Typographer and Distinguished Professor Tony Dispigna has been a mentor and role model from the time I met him. As a former partner of Herb Lubalin’s and master typographer, I aspire toward his level of polish and creativity. As a professor, he continues to show me how to give to my students through the way he continues to give to me going on 14 years after I’ve graduated. I am inspired by how he never gets distracted from his focus on helping students through sharing his experience.

On the strategic side, Direct Marketing Association Hall of Fame inductee, Dr. Marjorie Kalter has had a profound influence on what I do. Her distinguished agency career, strategic business insights and ability to articulate these concepts to integrated marketing students at New York University challenged me to the core. I am relevant to clients in a whole new way as a result of her confidence in my potential, and it was rewarding to have her invitation to become a part of the faculty upon graduation. She serves as my strategic example and showed me what’s possible when you apply strategic thinking to inform design decisions.

Speaking of sharing what you’ve learned, is there a story behind your conference session at the upcoming HOW Design Live?

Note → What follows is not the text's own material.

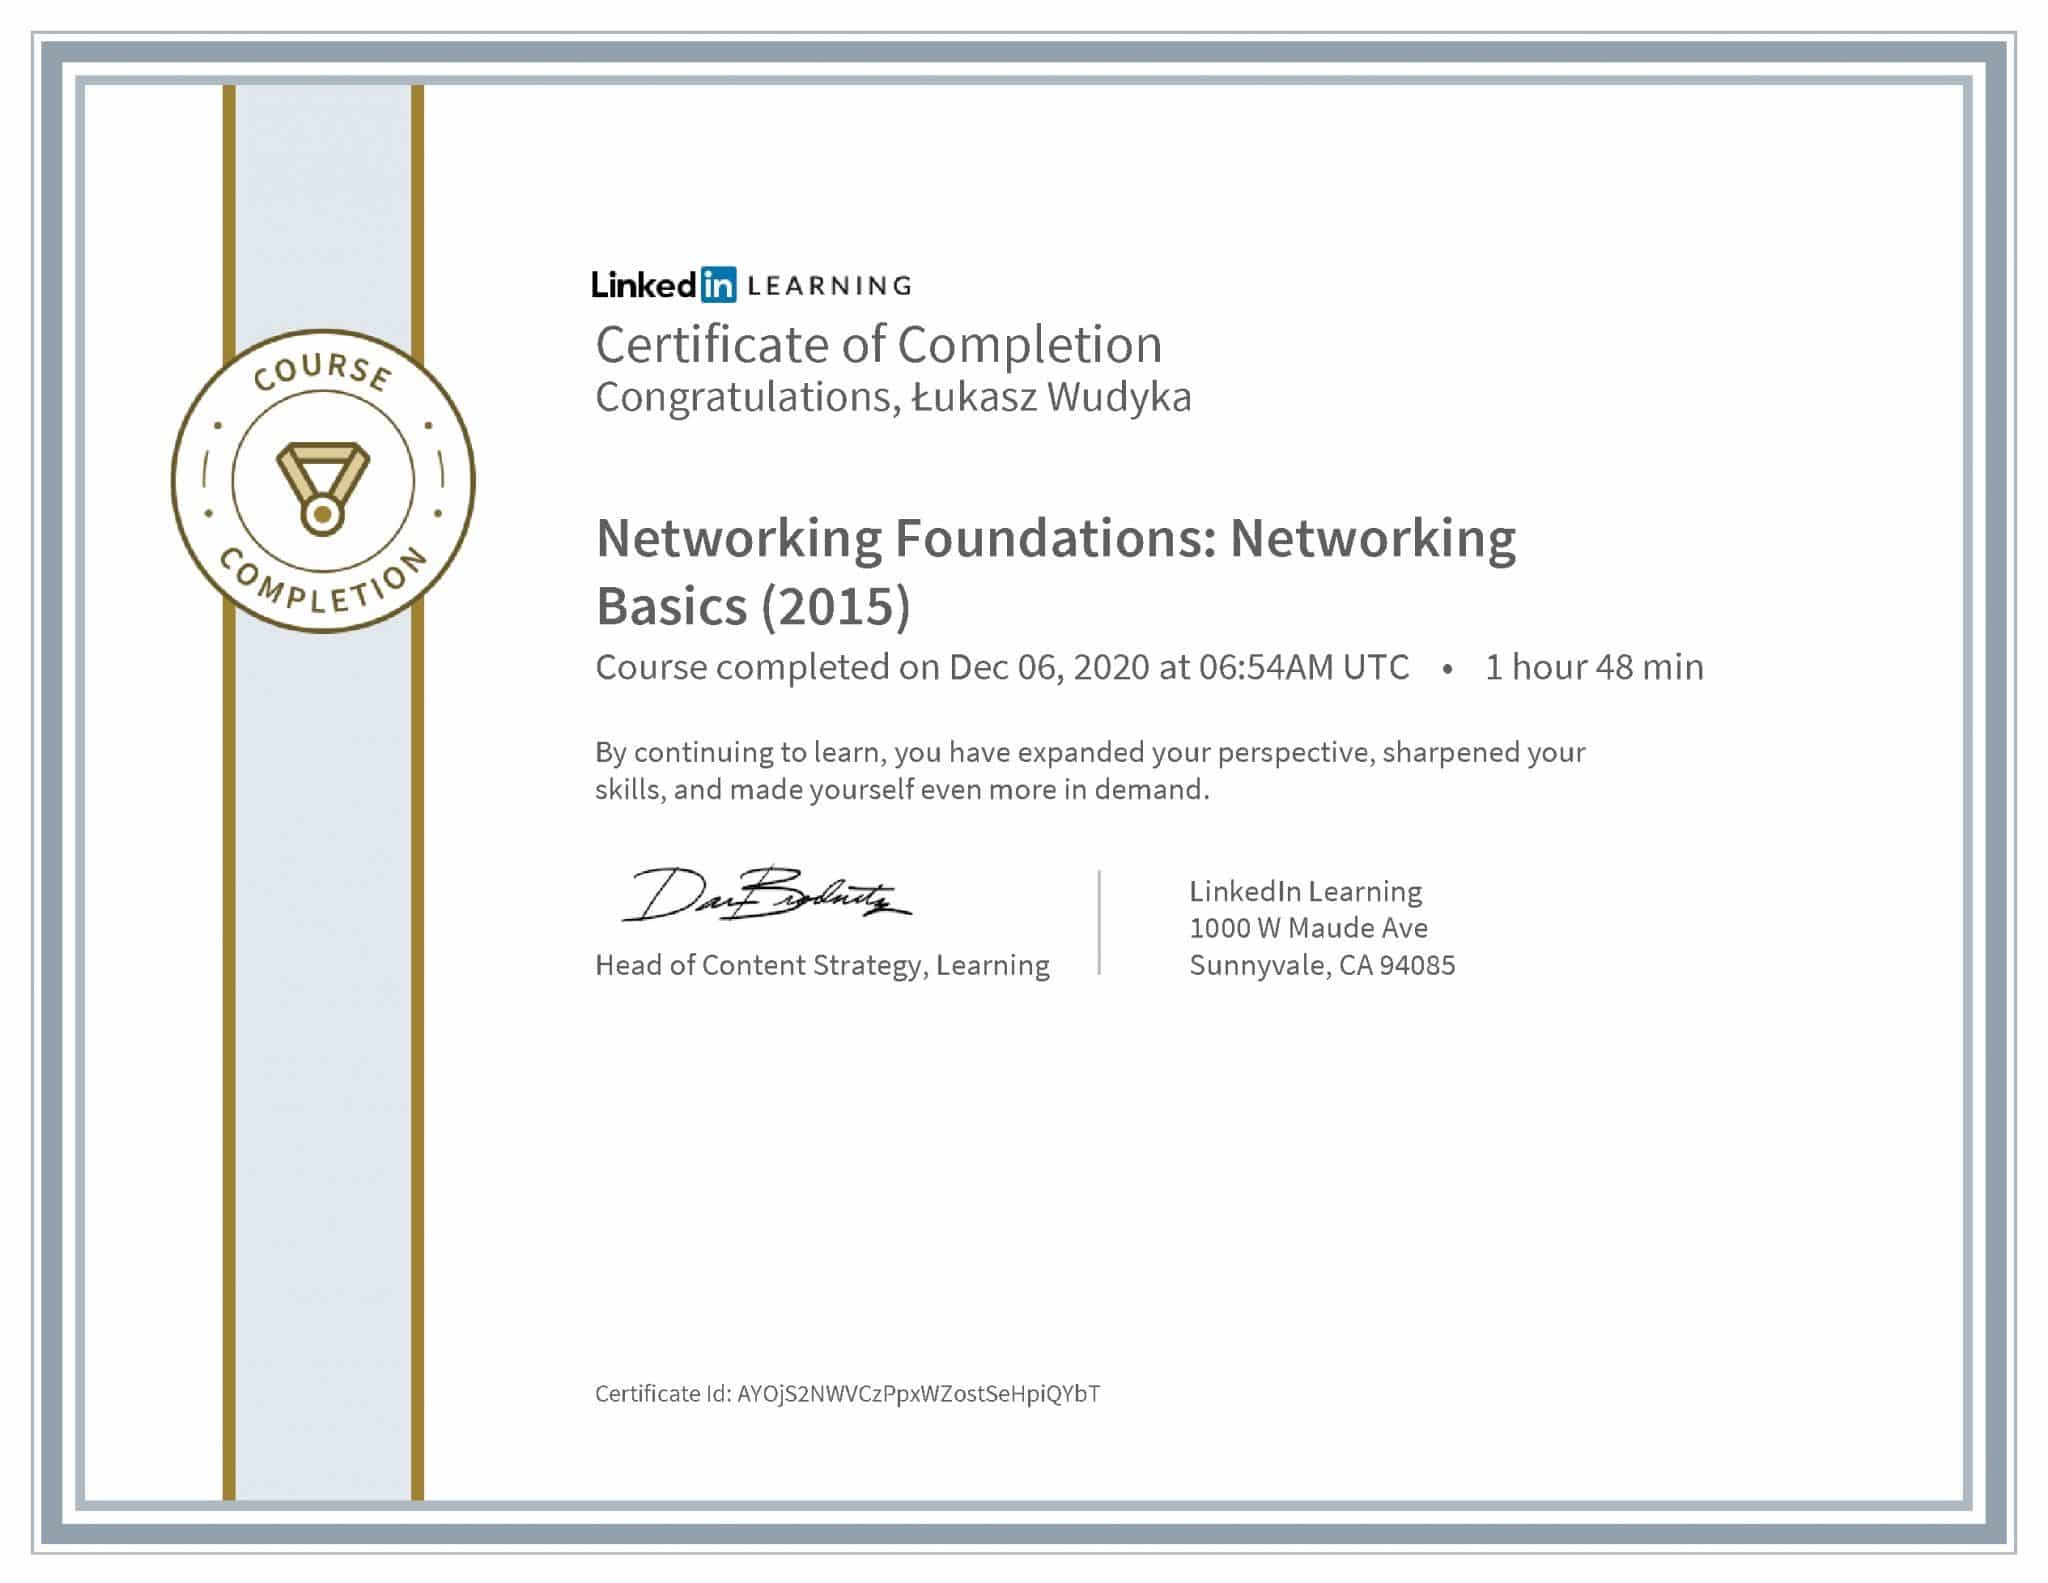 Łukasz Wudyka certyfikat LinkedIn Networking Foundations: Networking Basics (2015)

Creative Strategy and The Business of Design came about as a response to the way our field continues to evolve.I realized that I lost creative battles in my career because I was ignorant of the larger business or marketing considerations that trumped aesthetics. There were also points were I felt that the client came in asking for a design item but really needed a marketing or business strategy first. I see an opportunity for smart designers to become partners with business and marketing in order to maximize our potential to participate in strategy and minimize the time executing in a vacuum.

Sounds like just the session I’m looking for, Douglas!

Don’t miss Douglas Davis at HOW Design Live. There’s still time to register ….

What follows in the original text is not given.